Operating System - OpenVMS
1753971 Members
8137 Online
108811 Solutions
New Discussion юеВ

Re: "Standby" Node Management Advice

 
SOLVED
Go to solution
Bob Blunt
Respected Contributor

Re: "Standby" Node Management Advice

Jack, one of the OpenVMS Ambassadors, Eddie Orcutt, has put together software to handle a similar type scenario you're needing. He may have also presented this at Connect symposia. I haven't seen him watching the OpenVMS forum on ITRC but I'll send him an email pointer to your original entry. Enquiring and enterprising minds could probably also conjugate his HP email address but keep in mind he's in sales support so can be out of pocket...

bob
Bob Vida
Advisor

Re: "Standby" Node Management Advice

Expanding on what rbrown responded with.

We had a similiar situation when we were testing new replacement servers with SAN attached storage.
We would only present the storage to the server we wanted to boot on the storage array (EVA and EMC arrays).
When we wanted to boot the new server for testing a script would be run on the storgae arrays to unpresent the disks from one server and present them to the other server.

Of course this doesn't stop someone from executing the script to move the disks between the servers when it's not intended but that would be an operational process that would need to be implemented. We were in a test enviornment though. We also made sure we had valid backups available.

Quick and dirty way if clustering isn't an option. Just an extra step of performing storage masking on the array when both servers are down.

HTH,
Bob
RBrown_1
Trusted Contributor

Re: "Standby" Node Management Advice

Bob Vida suggested running a script on the storage array to configure which system can access the disks.

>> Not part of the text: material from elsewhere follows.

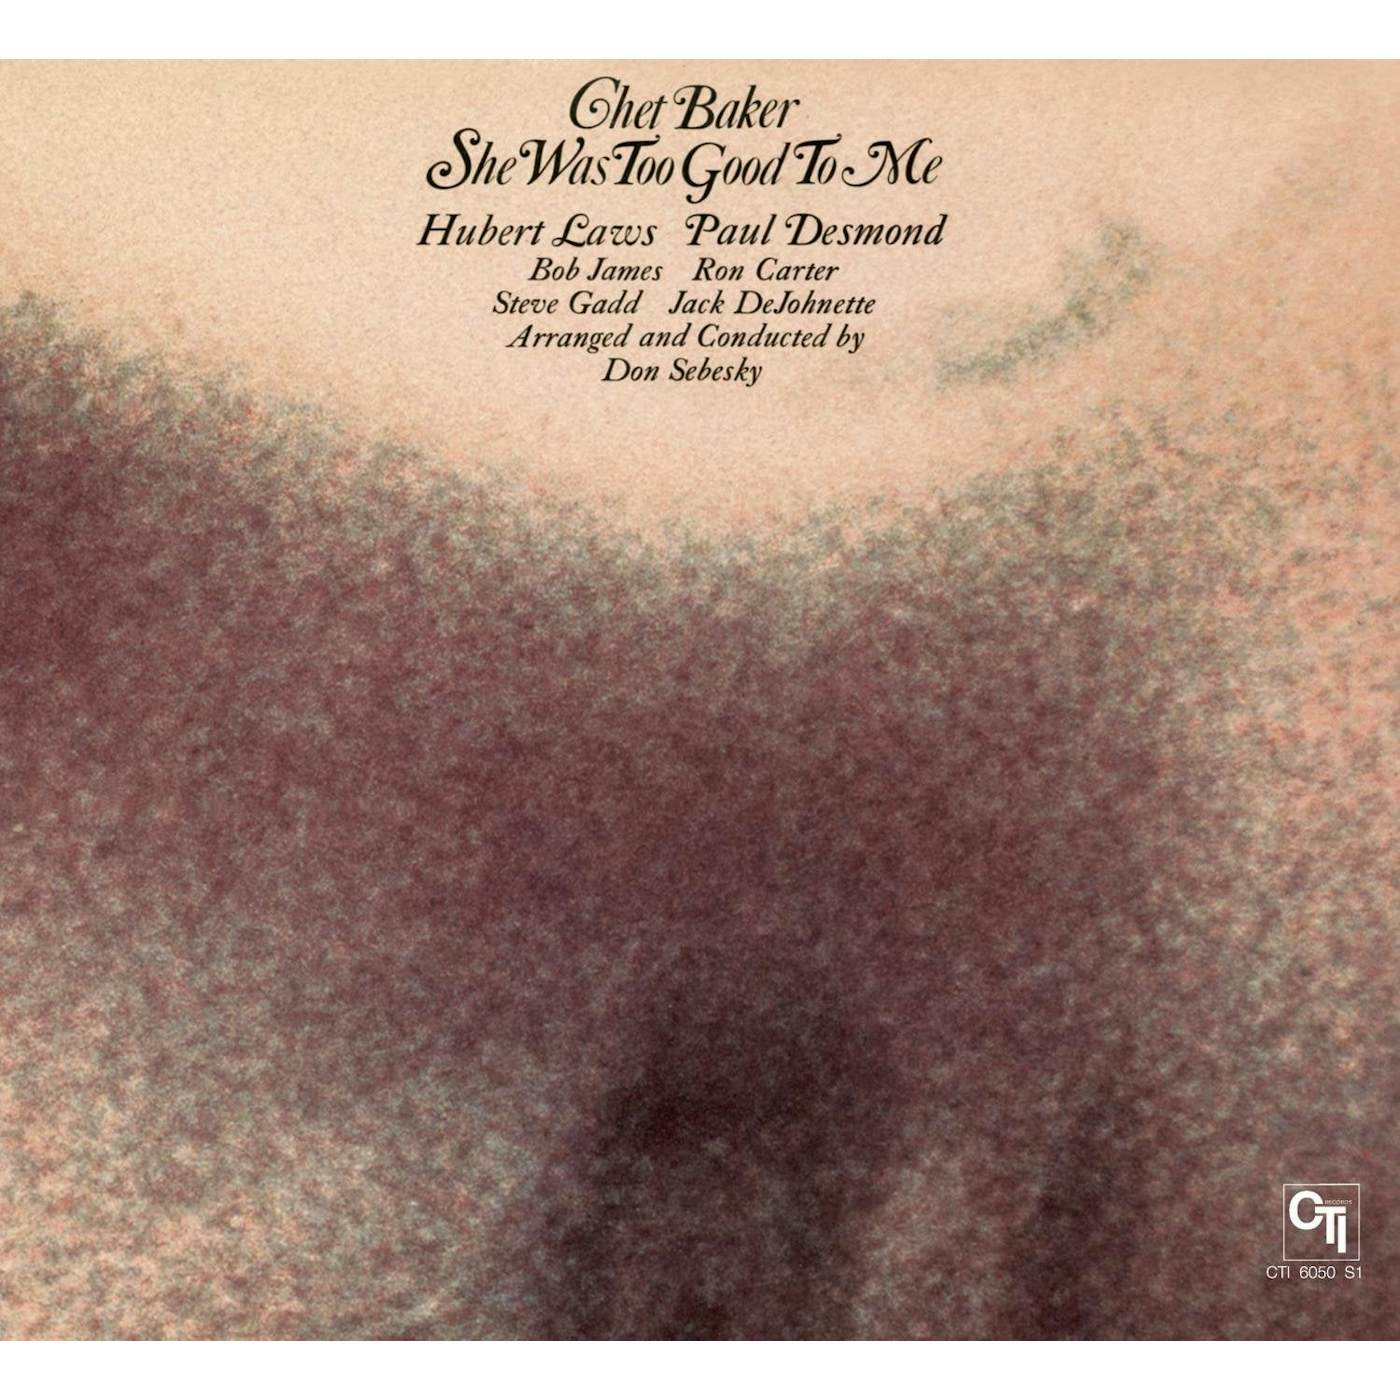 Chet Baker - She Was Too Good To Me (Vinyl)

I was thinking more along the lines of the way RAxx disk drives worked. They had two ports, but could only be connected on one port at a time. Once system A connected to the drive on Port A, then system B's attempts to to connect on Port B would not succeed. This worked well for us when we had an active system and a warm standby with data disks to be connected to whichever system was active.

But I don't know if a modern SAN can be made to work this way.
Kelly Stewart_1
Frequent Advisor

Re: "Standby" Node Management Advice

We took a similar approach long ago (long enough ago that it was initially done on MicroVAX 2000's):

We attached a serial T-switch to both nodes' serial ports, and put a serial loop-back connector (free from DEC with every computer!) on the common connector. Both nodes were on all the time ("warm" instead of "cold"). When the nodes booted, they transmitted a string to the T-switch; the one that got the string echoed back was the "primary". The nodes also connected to one another task-to-task to ensure we didn't have two "primaries". The other node was the "secondary". The boot process then defined a logical name that contained the node's status, and that logical was used to determine which site-specific start-up files were run, and also to alert users if they happened to log into the wrong machine.

This approach allowed us to automatically back-up application status to the secondary, and also to fail-over without rebooting if we wished. But it was simple enough for a non-technical person to perform a fail-over if necessary.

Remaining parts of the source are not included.